Where am I correct ?
Guest
 

Re: Distance

Postby Guest » Wed Jun 01, 2016 7:45 pm

In the original question I assumed the train moved 12 feet from the terminal (we don't know speed or time) to point A and at point A it had an initial velocity of 20 feet per second and an acceleration of 30 feet per sec. per sec. and at point A T was Zero, T = 0.
The distance S we calculated was the distance from the actual terminal, not from point A.
So the train moved 9887 - 12 = 9875 feet from point A during the time T = 25 seconds.
The train could have stopped overnight between the terminal and point A, we do not know, all we know it was moving past point A with an initial velocity of 20 feet per sec. and was accelerating at 30 feet per sec. per sec. and we assume constant acceleration of 30 feet per sec per sec. during all of the 25 second period.

We can work out the equivalent average rate or speed during this time using the formula.... Rate = Distance / Time. This will be the rate or speed the train would have needed to be travelling at, constantly throughout, to cover the same distance in 25 seconds.

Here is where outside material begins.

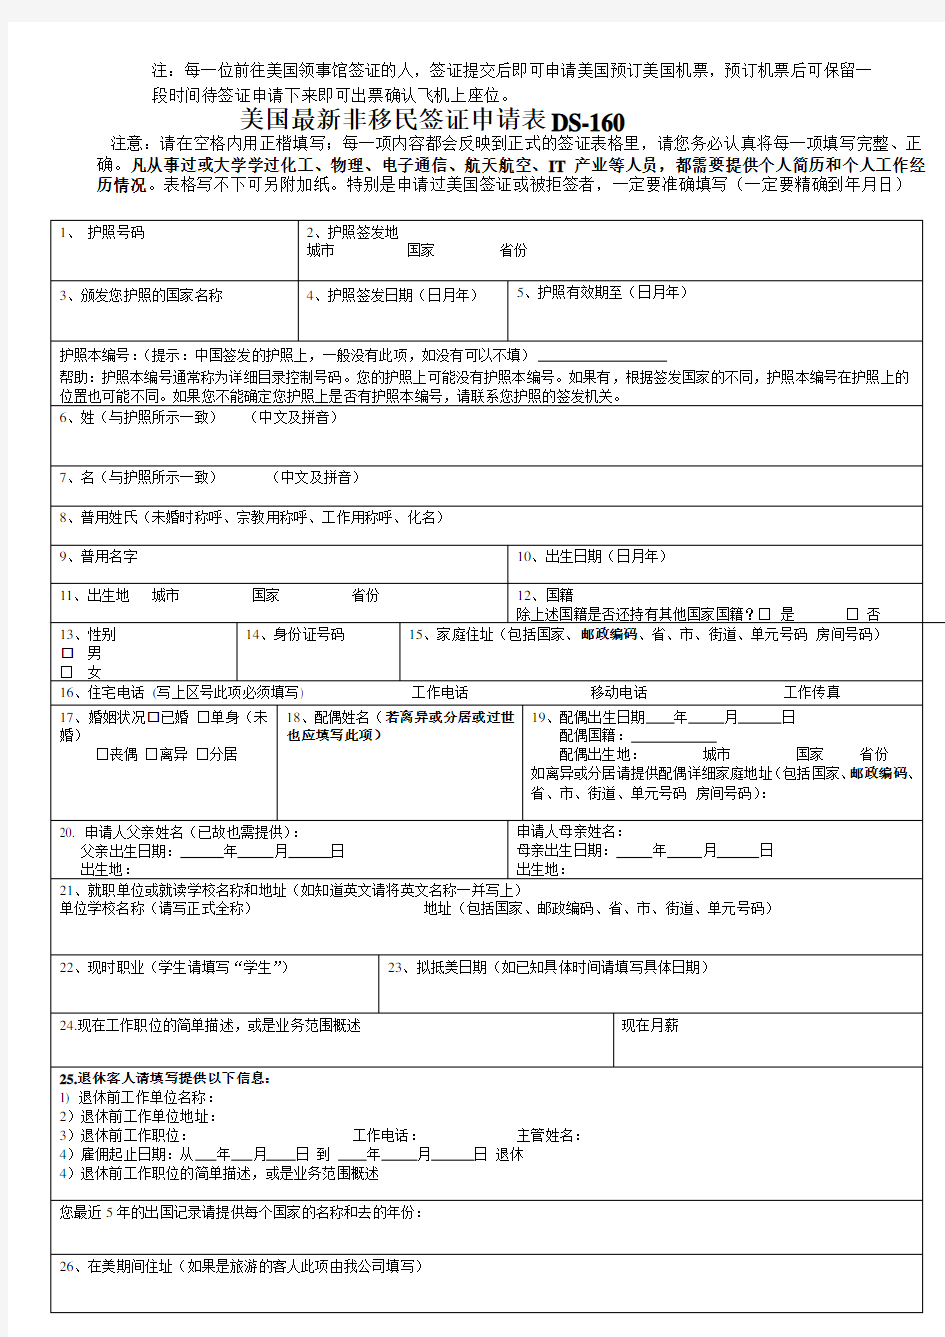 美国最新签证申请表DS-160(中文版)

Travelling at constant velocity.

But in the question the train was travelling at constant acceleration.... that means it was speeding up from its initial velocity as it travelled.

So....... Rate = Distance / Time

9875 / 5280 = 1.87 mi.
25 / 3600 = 0.0069 hrs

Rate = 1.87 / 0.0069 = 271 mph. constant speed throughout......
......same as your answer......

In the original question the train passed point A at 20 feet per second
So in first second this speed converted to mph is ..... (20 / 5280) x 3600 = 13 .64 mph
And it accelerated up from this speed to 20 + (30 x 25) = 770 feet per second at the end of 25 seconds.
This is equivalent to (770 / 5280) x 3600 = 525 mph in the 25th second.
Guest
 

Re: Distance

Postby Guest » Wed Jun 01, 2016 9:27 pm

Ok, thank you again.
Guest
 

Re: Distance

Postby leesajohnson » Sat Jun 18, 2016 5:21 am

S = A + VT + 1/2*F*t^2

S= 12 + (20 x25) + (1/2 x 30 x 25 x 25)

S = 9887 ft.

leesajohnson
 

Re: Distance

Postby Guest » Sat Jun 18, 2016 2:52 pm

Thanks Ms. Johnson.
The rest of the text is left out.